__GIVEN INFORMATION__
# # # # # # #

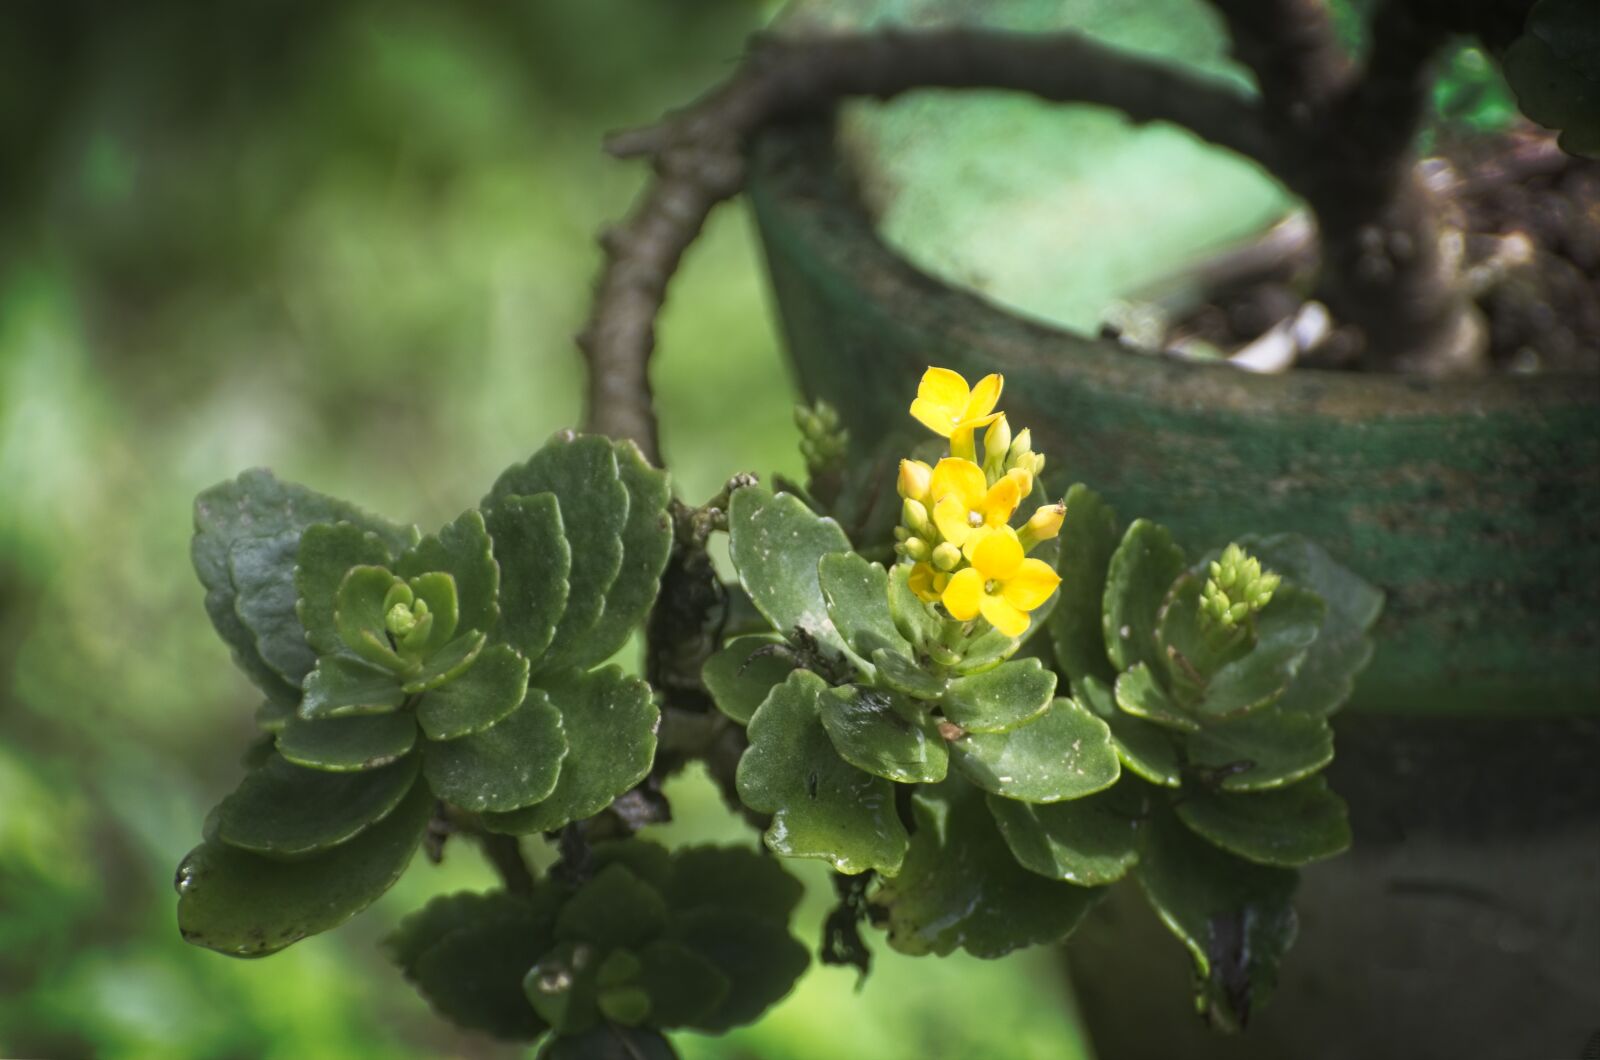 Nikon AF-S VR Zoom-Nikkor 70-300mm f/4.5-5.6G IF-ED sample photo. Plant, flower, green photography
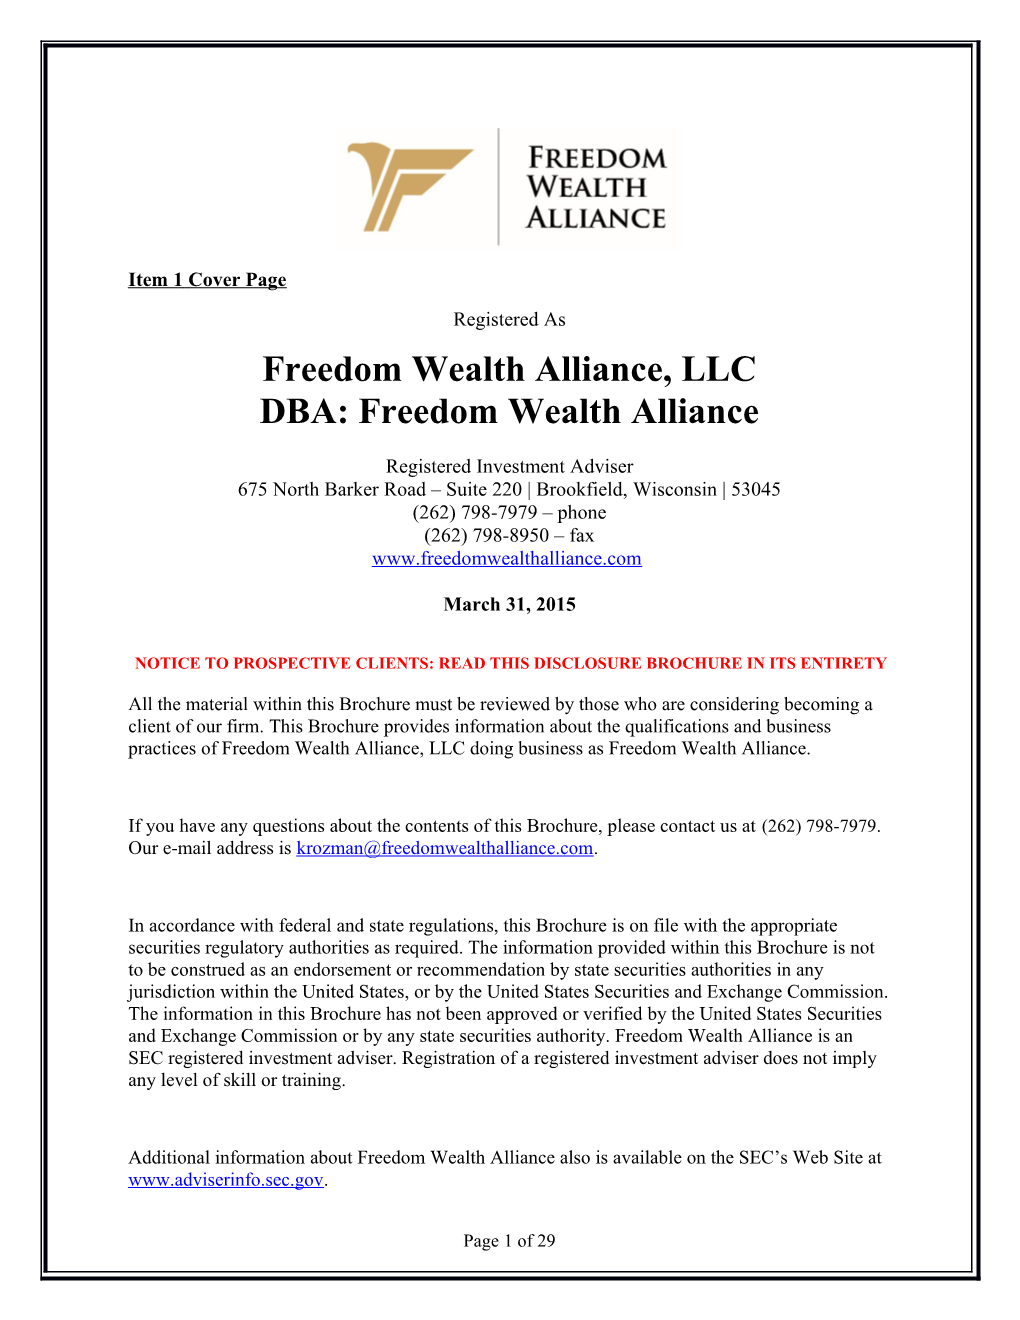 Freedom Wealth Alliance, LLC
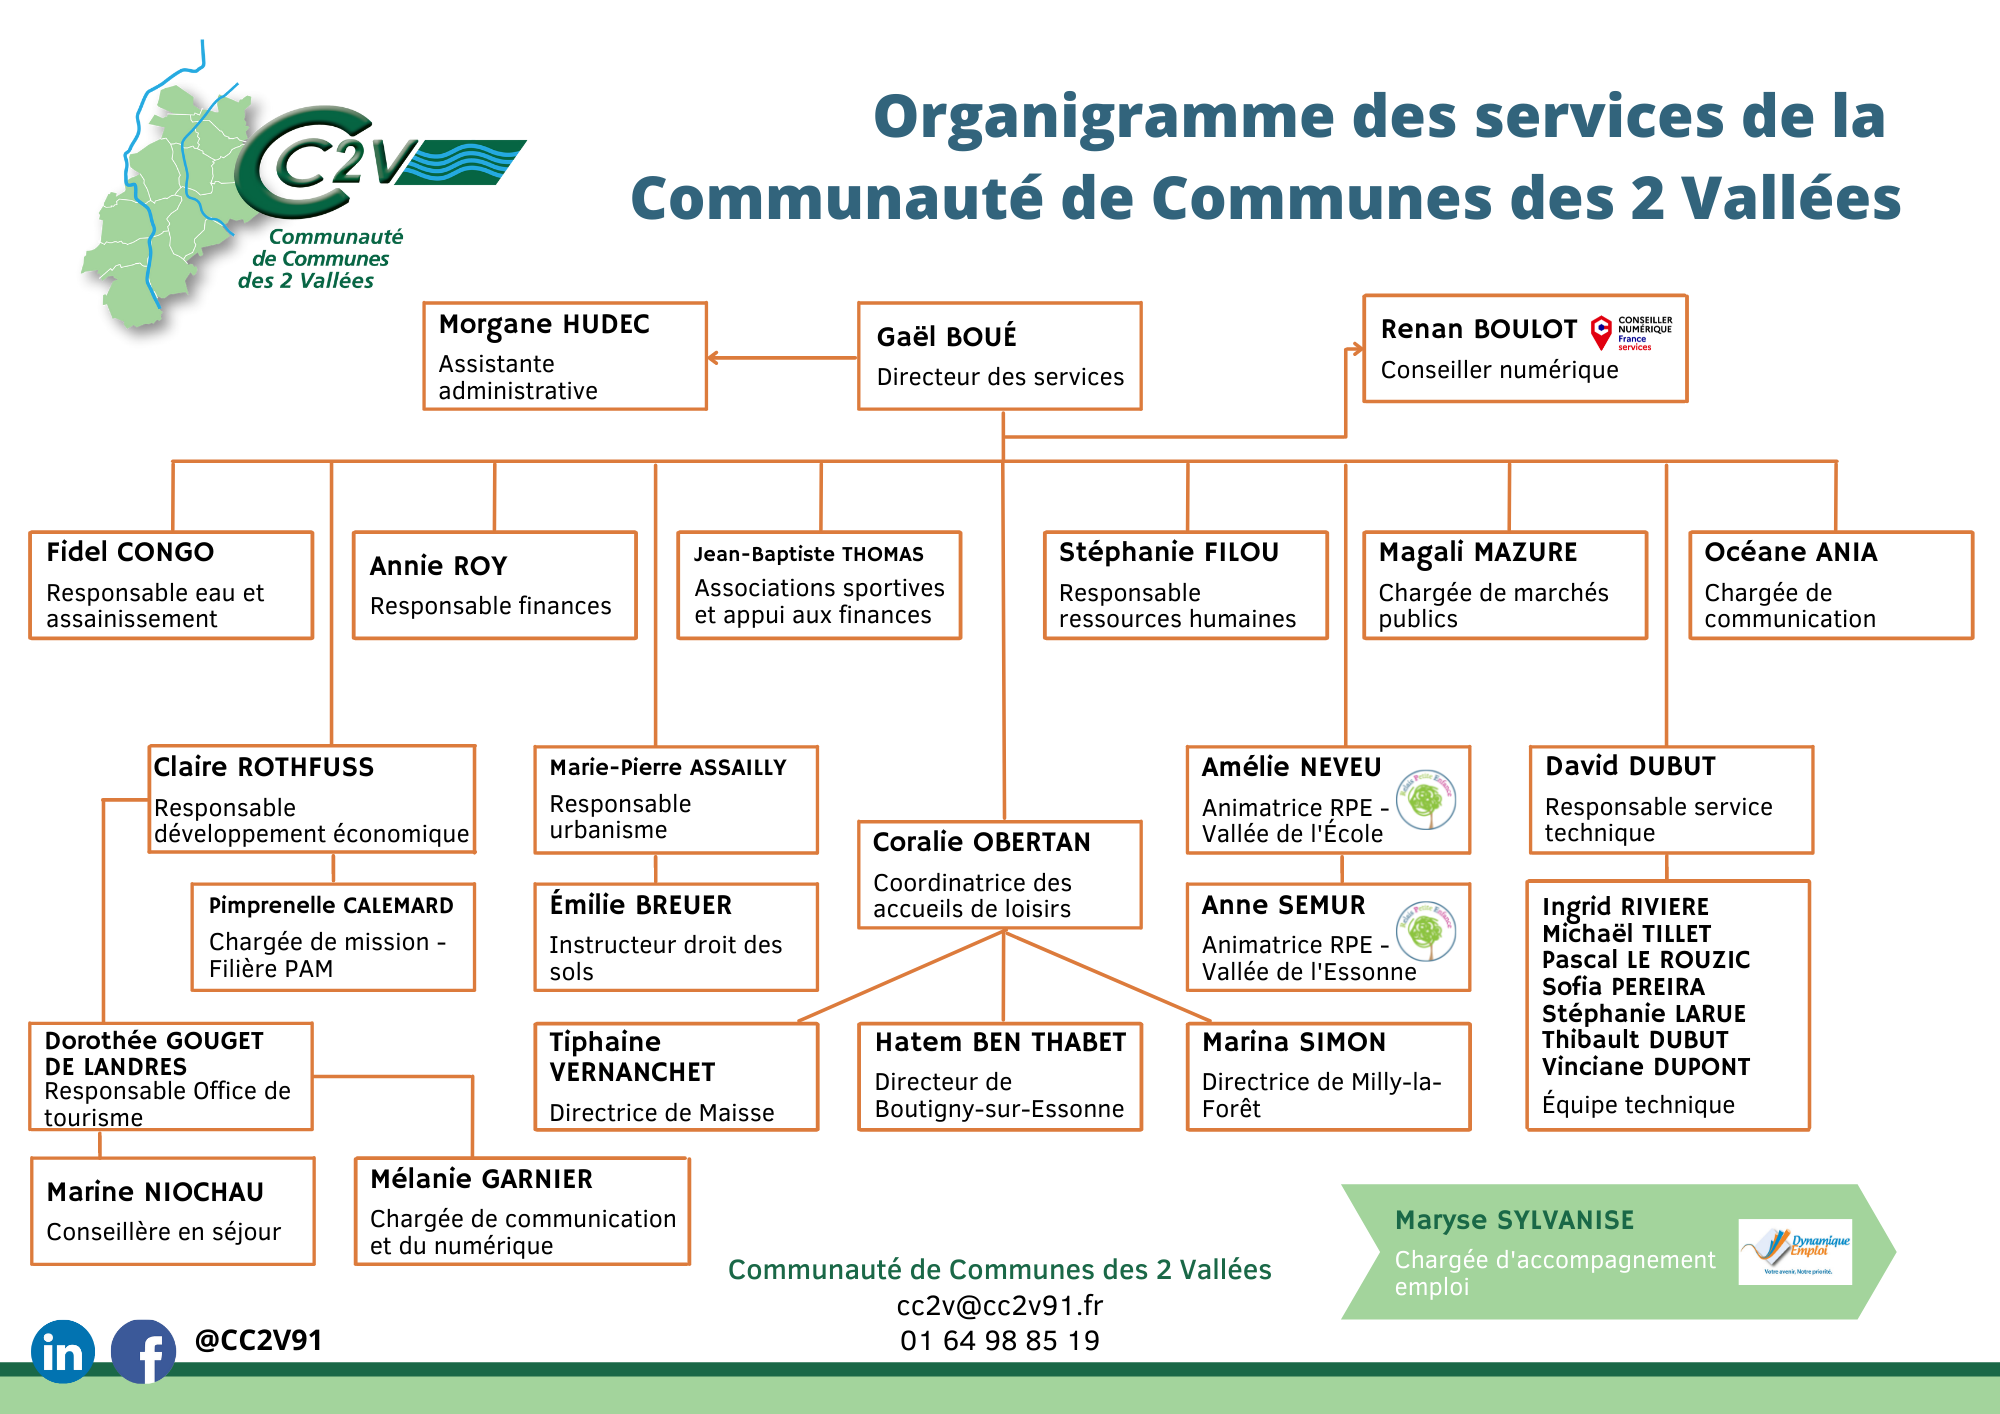 Organigramme des services de la Communauté de Communes des 2 Vallées  - Avril 2022.png

# # # # # # #

__ASSIGNED TASK__
Copy exactly, please, the lines that run from the line holding "Freedom Wealth Alliance, LLC" through the closing line of the material above, omitting every picture.

__EXPECTED ANSWER__
 Freedom Wealth Alliance, LLC
 Organigramme des services de la Communauté de Communes des 2 Vallées  - Avril 2022.png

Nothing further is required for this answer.